- [Provided material]

- - - - -

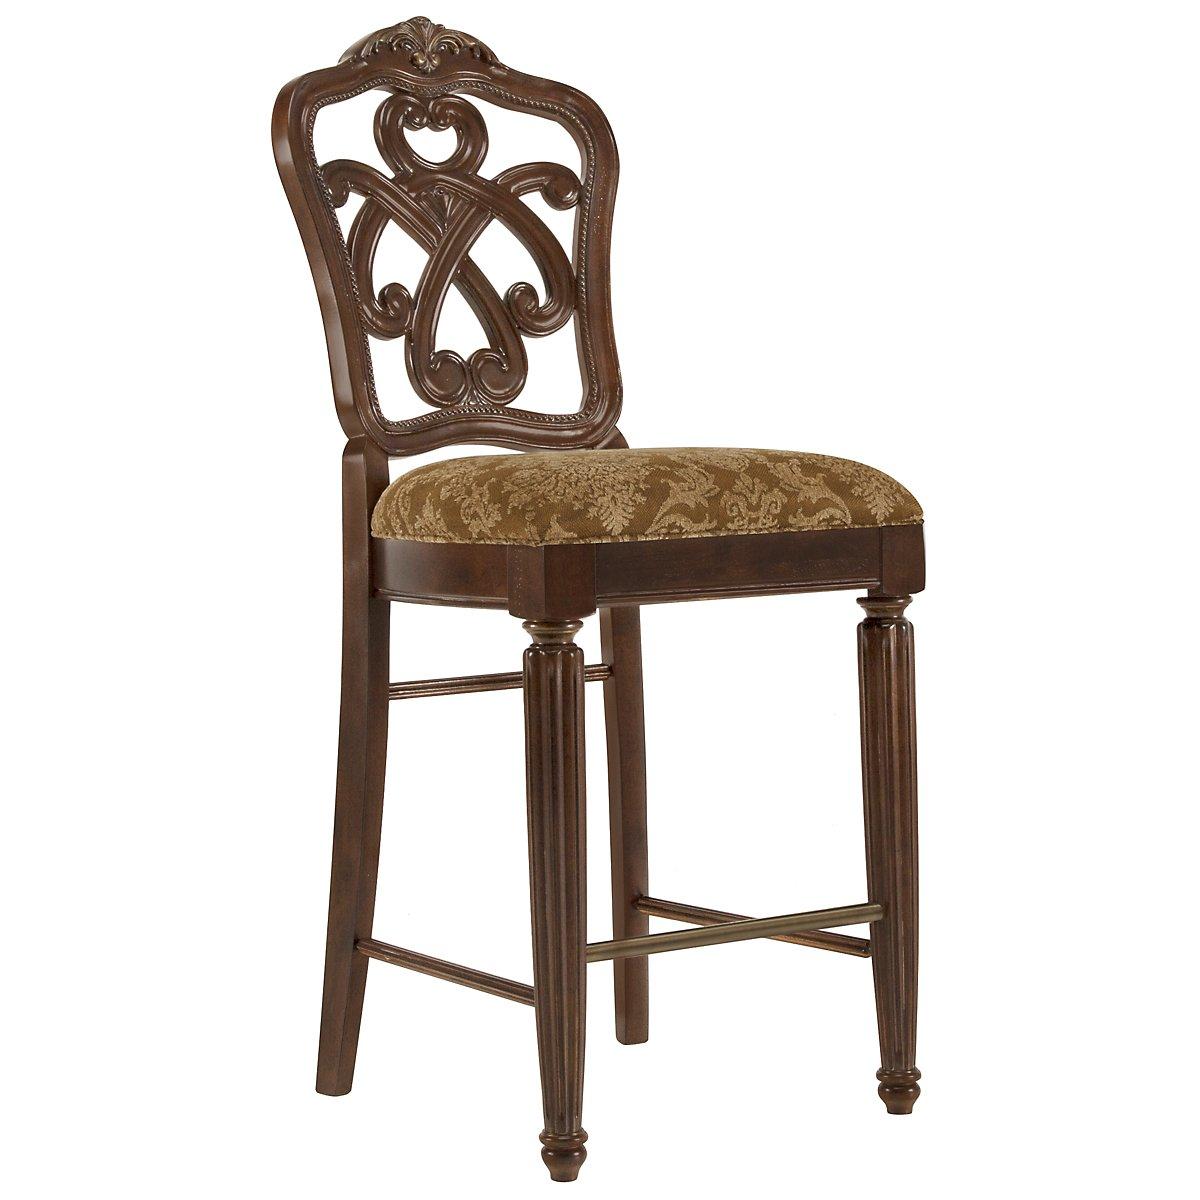 "Regal Dark Tone 30"" Wood Barstool"
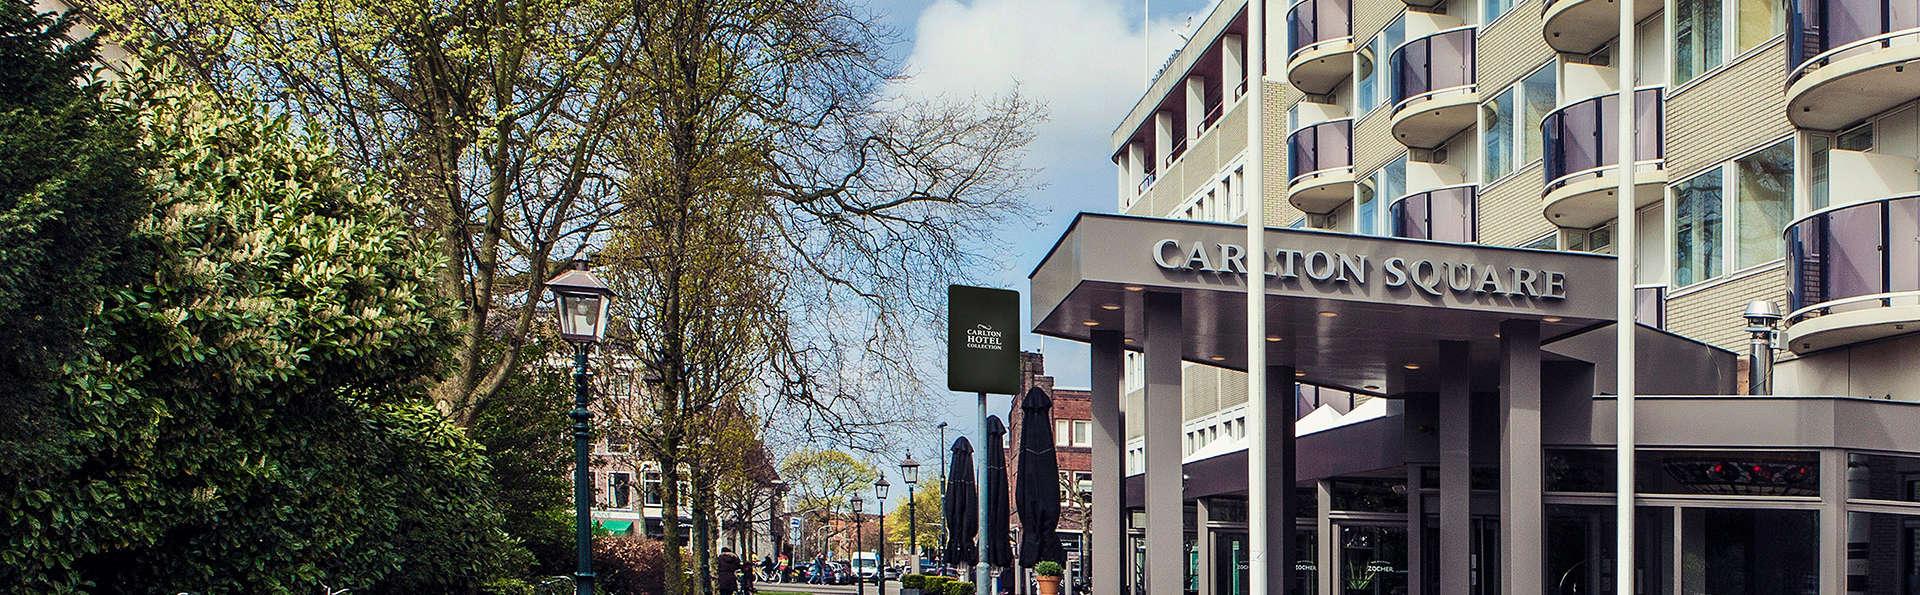 Carlton Square Hotel Haarlem - Edit_Front.jpg
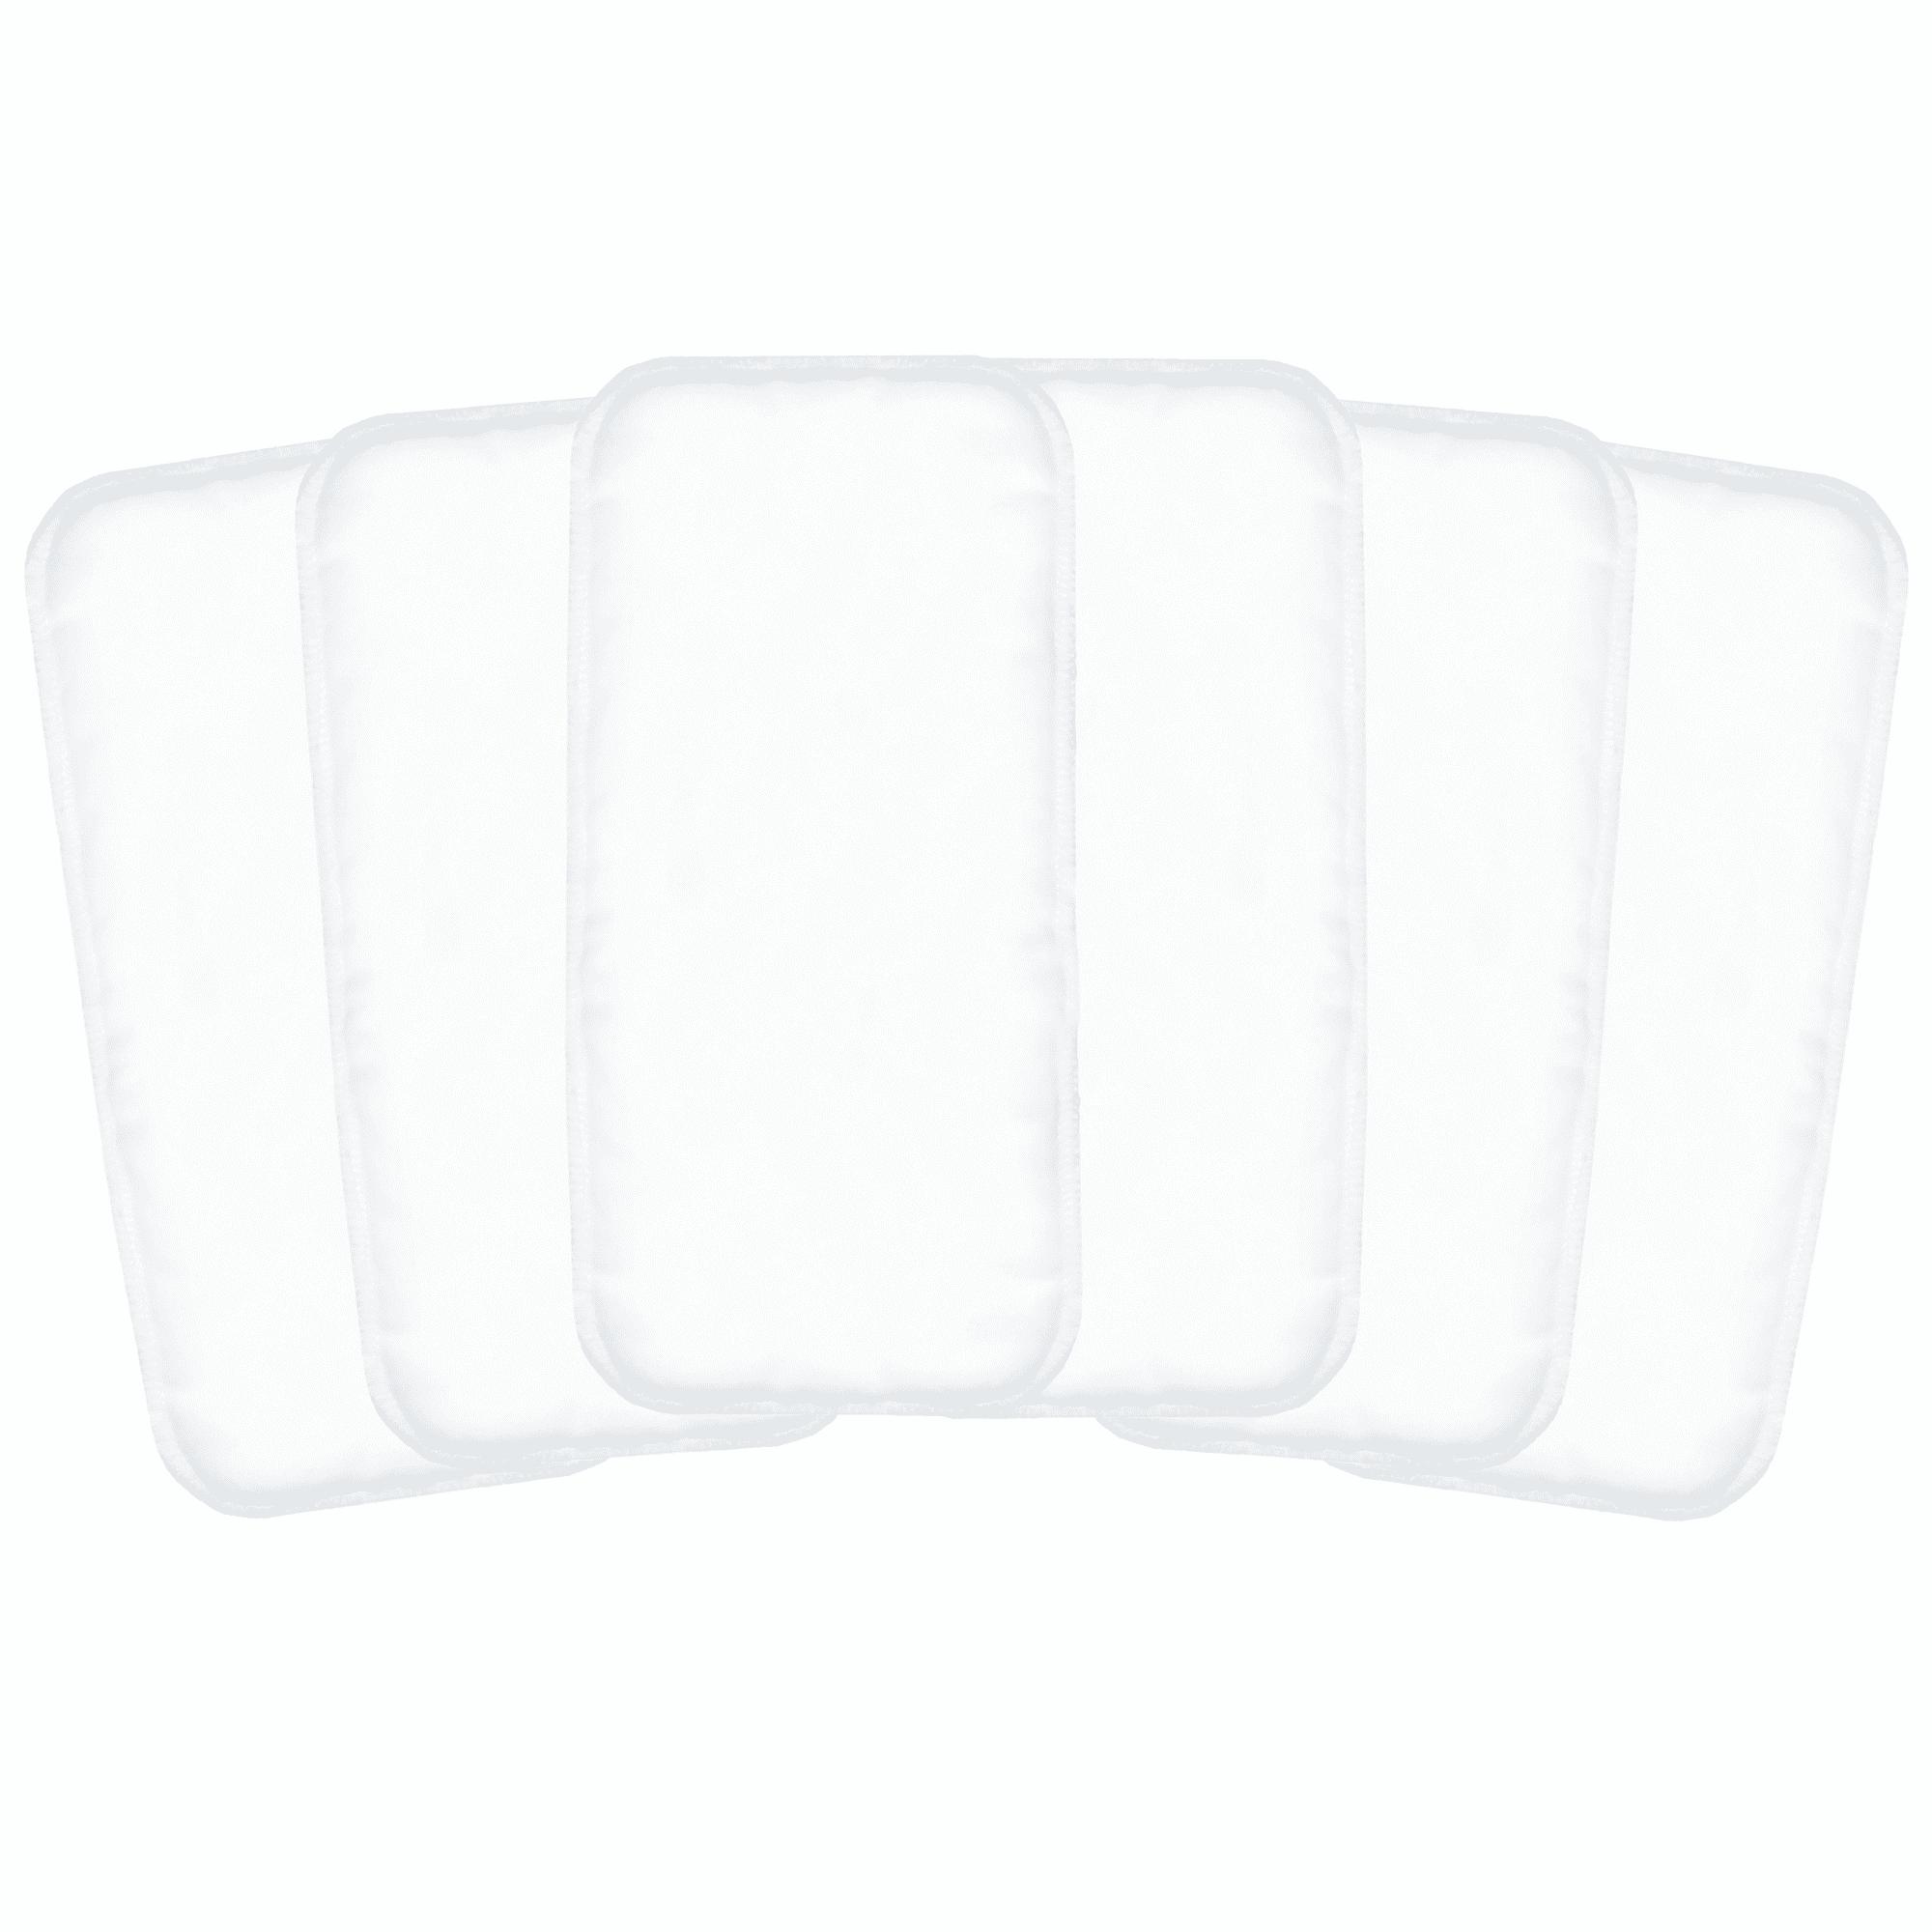 Flip Stay Dry Newborn Size Inserts 6-pack

- - - - -

- [What is needed] Copy all the material word for word, minus its pictures.

- [Answer box]
 "Regal Dark Tone 30"" Wood Barstool"
 Carlton Square Hotel Haarlem - Edit_Front.jpg
 Flip Stay Dry Newborn Size Inserts 6-pack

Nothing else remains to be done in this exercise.